A majority of Canadians assume they'll gain up to nine pounds this holiday season, but the reality is that weight gain happens year round, not just during the short days and long nights of the Yuletide.
In promotion of a low-calorie beer, Canadian brewer Molson released the results of a nationwide survey of 500 men and 500 women. Two-thirds said they expected to gain between one and nine pounds during the holidays.
Vancouver registered dietitian Jessica Begg said typical weight gain at this time of year trends toward the lower end of the scale. "It's not that much," said Begg, who operates Flourish Wellness and Nutrition. "It's around one pound, on average. The people who are struggling are struggling all year long."

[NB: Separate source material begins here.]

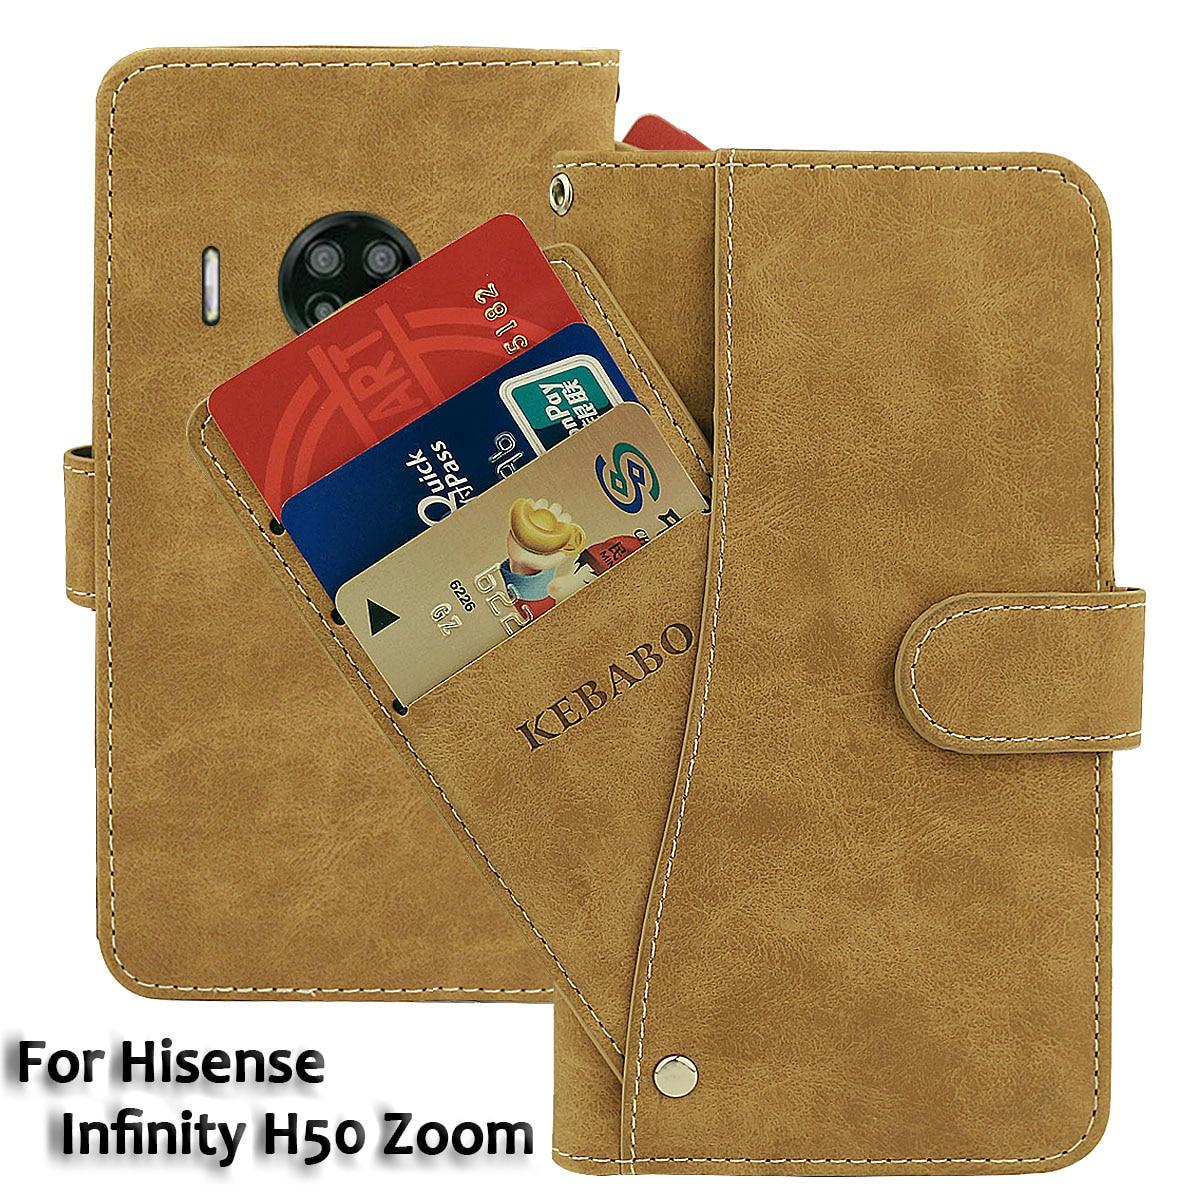 Vintage Leather Wallet Hisense Infinity H50 Zoom Case 6.53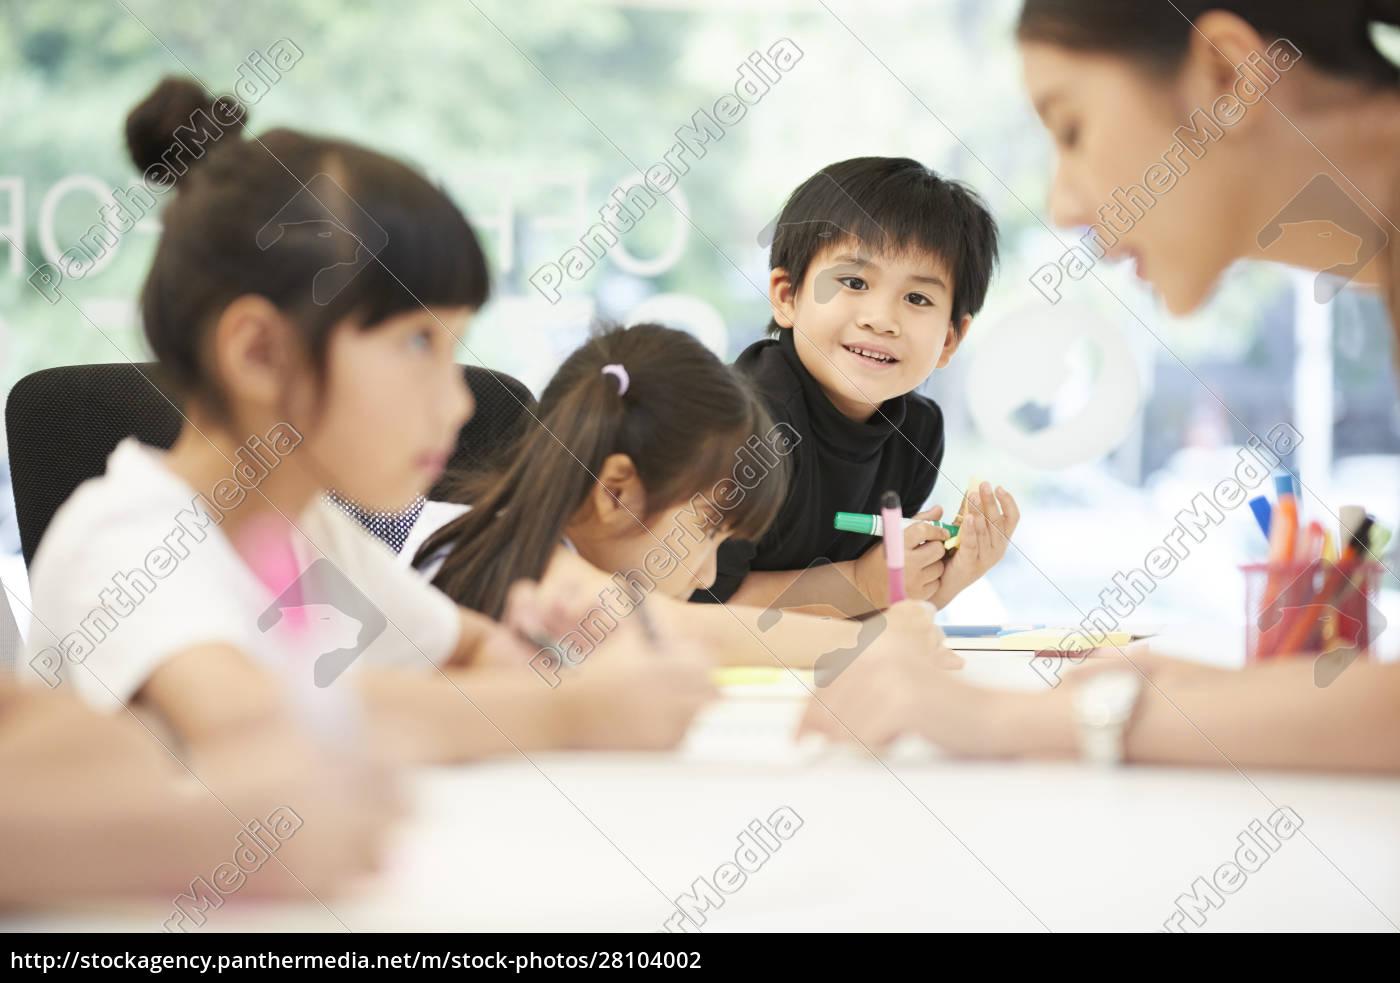 schoolchild, school, life - 28104002

Although two-thirds of adults polled by Molson said they expected to gain between one and nine pounds during the holidays, one third said they were concerned about packing on pounds through the rest of the year. Fifteen per cent said they were "very" concerned.
The health stats are also concerning. One in four Canadian adults is obese, according to a 2011 report from the Canadian Institute for Health Information. Adult participation in sports has declined from 45 per cent two decades ago to less 28 per cent more recently. Inactivity is identified as the greatest culprit for obesity, especially in women.
A certain amount of alarm precedes the season of shortbread cookies, eggnog and rum after hours, deep-fried canapés and second servings of them all.
Much of the trepidation is over-blown. By maintaining healthy habits and committing to moderation, said Begg, most Canadians should feel encouraged to enjoy themselves and even indulge-moderately-at this time of year.
Begg suggests Canadians look at the bigger picture. "If they're on the right tack through the year, usually Christmas time and the holidays don't really throw people off all that much. It's not the holidays that are doing it, but maybe come January 1 when they weigh themselves and think, 'I've gained,' they think it's because of the holidays but it may have been happening all year."
Imagine these coming weeks as a cruise-a caroling, merrymaking, in-law loving boat trip that's nearly as secular as Christmas. Beware the all-you-can-eat buffet. The pounds won't be lost at sea but will accompany you back on land. Strive for balance. If you serve yourself a second helping, add more Brussels sprouts. Turkey dinner can be a well-balanced meal, after all.